We retain personal information we collect from you where we have an ongoing legitimate business need to do so (for example, to provide you with a service you have requested or to comply with applicable legal, tax or accounting requirements). When we have no ongoing legitimate business need to process your personal information, we will either delete or anonymise it or, if this is not possible (for example, because your personal information has been stored in backup archives), then we will securely store your personal information and isolate it from any further processing until deletion is possible.
SHARING YOUR INFORMATION WITH OTHER ORGANISATIONS
We will only use your information for the purposes for which it was obtained. We will not, under any circumstances, sell or share your personal information with any third party for their own purposes, and you will not receive marketing from any other companies as a result of giving your details to us.
We will only share your data for the following purposes:
- Third party suppliers and sub-contractors who may process information on our behalf: We may need to share your information with data hosting providers or service providers, etc. who help us to deliver our services. These providers will only act under our instruction and are subject to pre-contract scrutiny and contractual obligations containing strict data protection clauses. We always aim to ensure that personal information is only used by those third parties for lawful purposes in accordance with this Privacy Policy.
- Where legally required: We will comply with requests where disclosure is required by law. Further, we safeguard the sharing of such information by using formalised information sharing agreements with organisations where appropriate, or on an ad hoc basis after ensuring the request and disclosure are legally compliant.
In compliance with local legislation and regulations we share information on labor contracts with the National Revenue Agency. Personal data included in company formation documents is shared with the Bulgarian Trade Register.

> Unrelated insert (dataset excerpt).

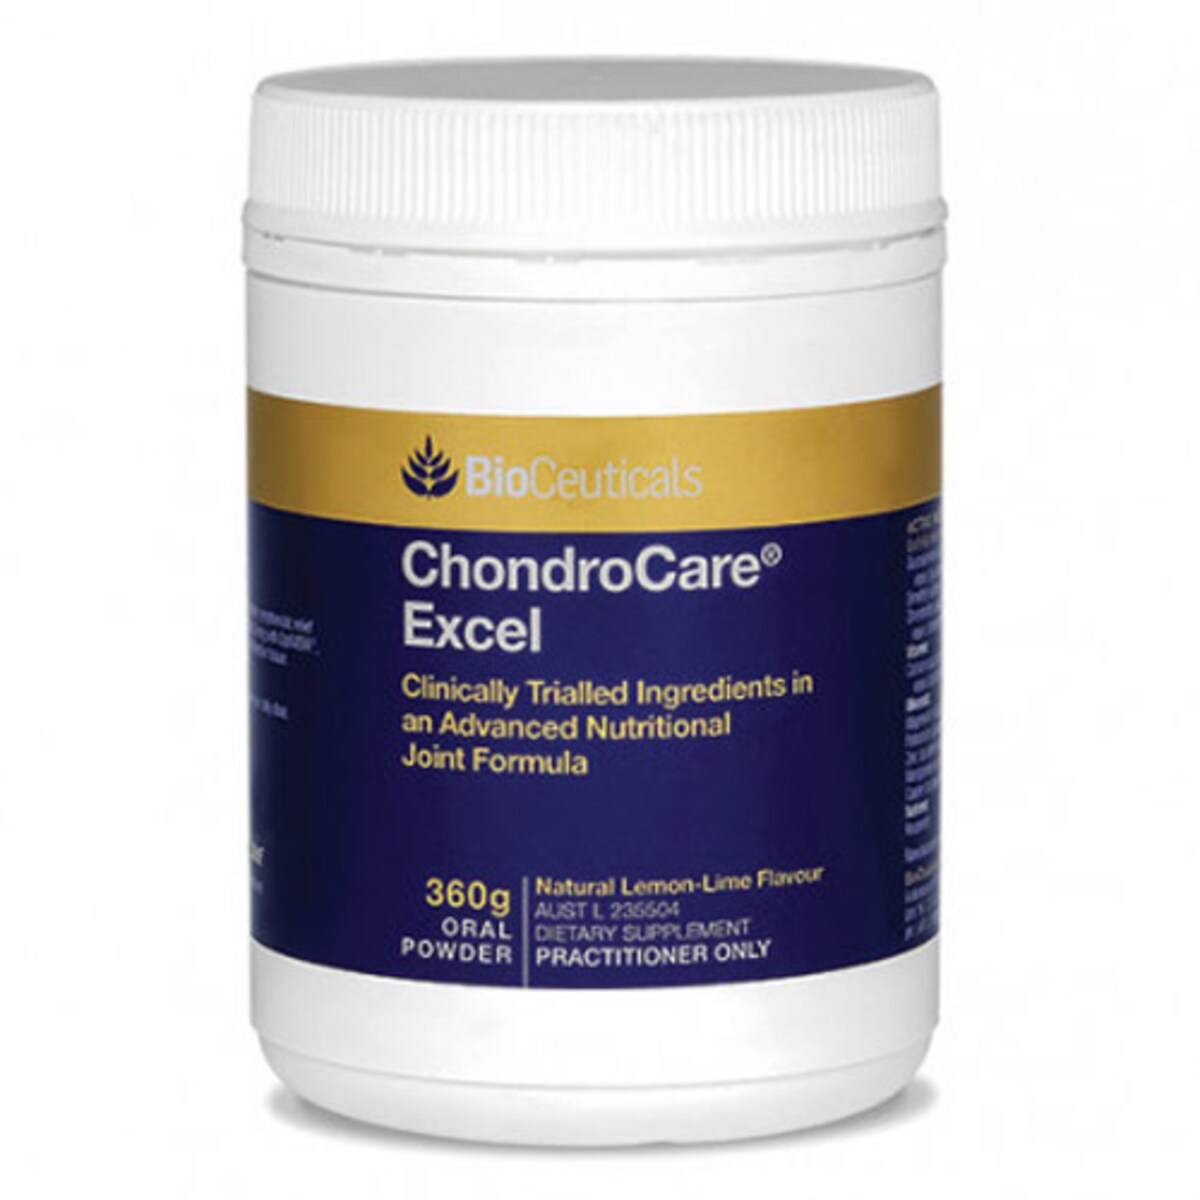 BioCeuticals ChondroCare Excel Powder 360g

For opening a company bank account, personal data can be shared with the bank of choice of the person(s) involved.
When we use external companies to process personal data on our behalf we do comprehensive checks on these companies before we work with them, and put a contract in place that sets out our expectations and requirements, especially regarding how they manage the personal data they have collect or have access to.
We may, on occasion decide to use the services of a supplier outside the European Economic Area (EEA), which means that your personal information is transferred, processed and stored outside the EEA. You should be aware that, in general, legal protection for personal information in countries outside the EEA may not be equivalent to the level of protection provided in the EEA. However we take steps to put in place suitable safeguards to protect your personal information when processed by the supplier such as entering into the European Commission approved standard contractual clauses. By submitting your personal information to us you agree to this transfer, storing or processing at a location outside the EEA.
KEEPING YOUR INFORMATION UP TO DATE
Where possible we use publicly available sources to keep your records up to date. We really appreciate it if you let us know if your contact details change.
YOUR RIGHTS
Data protection legislation gives you the right to request access to personal information about you which is processed by Zara Consult Ltd. and to have any inaccuracies corrected.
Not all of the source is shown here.